Doctors can measure this systemic inflammation with a blood test called high-sensitivity CRP. Levels below 1 mg/L are considered low risk, 1 to 3 mg/L indicate intermediate risk, and readings above 3 mg/L signal high cardiovascular risk. This marker helps explain why some people with “normal” cholesterol still develop heart disease: their arteries are inflamed by other forces.
What You Can Do About It
Because atherosclerosis develops over decades, the window for prevention is wide. The most effective steps target the risk factors above simultaneously. Current guidelines recommend at least 150 minutes per week of moderate-intensity exercise (like brisk walking) or 75 minutes of vigorous exercise (like jogging), plus two or more days of strength training. Regular physical activity lowers blood pressure, improves cholesterol ratios, reduces visceral fat, and dampens chronic inflammation all at once.

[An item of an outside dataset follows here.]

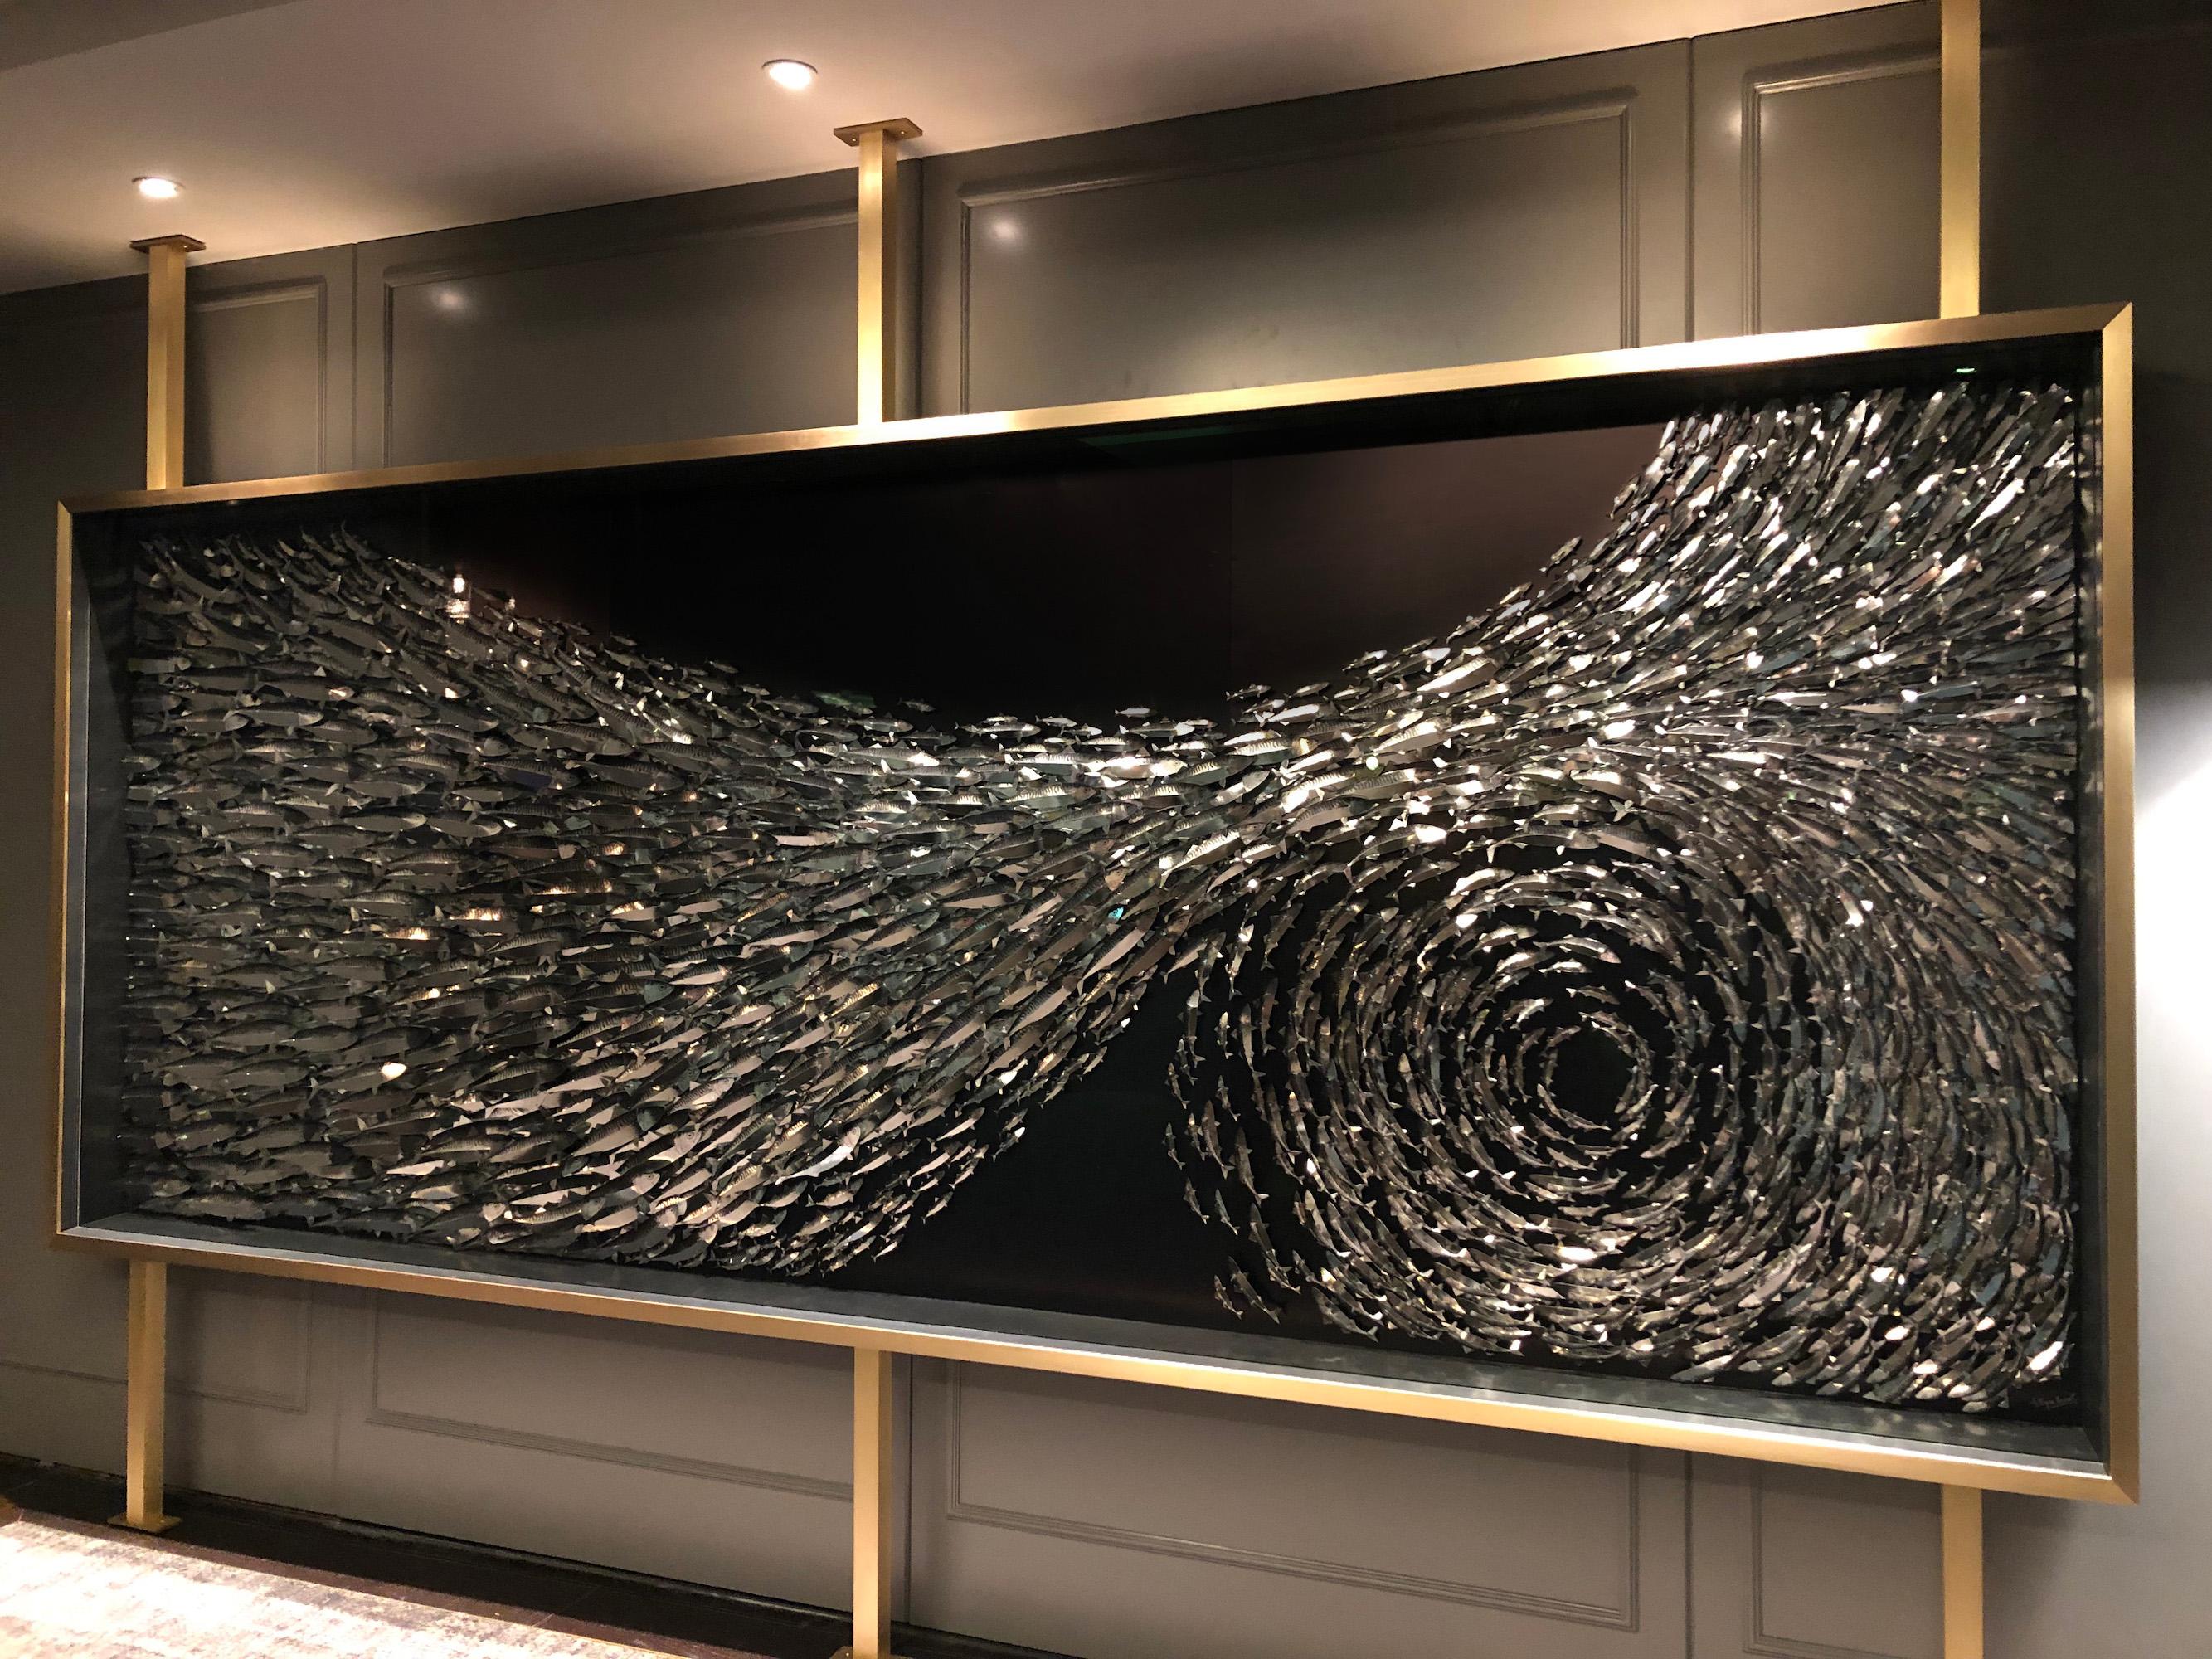 This unique and arresting piece captures the rush of energy and movement as a shoal of 1,000 mackerel switches direction, their silver bellies flashing in the sunlight. Each fish is fabricated by hand in robust paper-based materials with a metallic

A dietary pattern rich in vegetables, fruits, whole grains, and unsaturated fats while low in processed foods, added sugars, and excess sodium addresses several risk factors in parallel. If you smoke, quitting delivers one of the fastest and most dramatic risk reductions available. And if you have high blood pressure or diabetes, keeping those conditions well managed slows the atherosclerotic process significantly.
The core takeaway is that cardiovascular disease is not the result of one broken system. It’s the product of several forces, most of them modifiable, converging on the same vulnerable target: your artery walls. The earlier and more consistently you address those forces, the less opportunity atherosclerosis has to progress.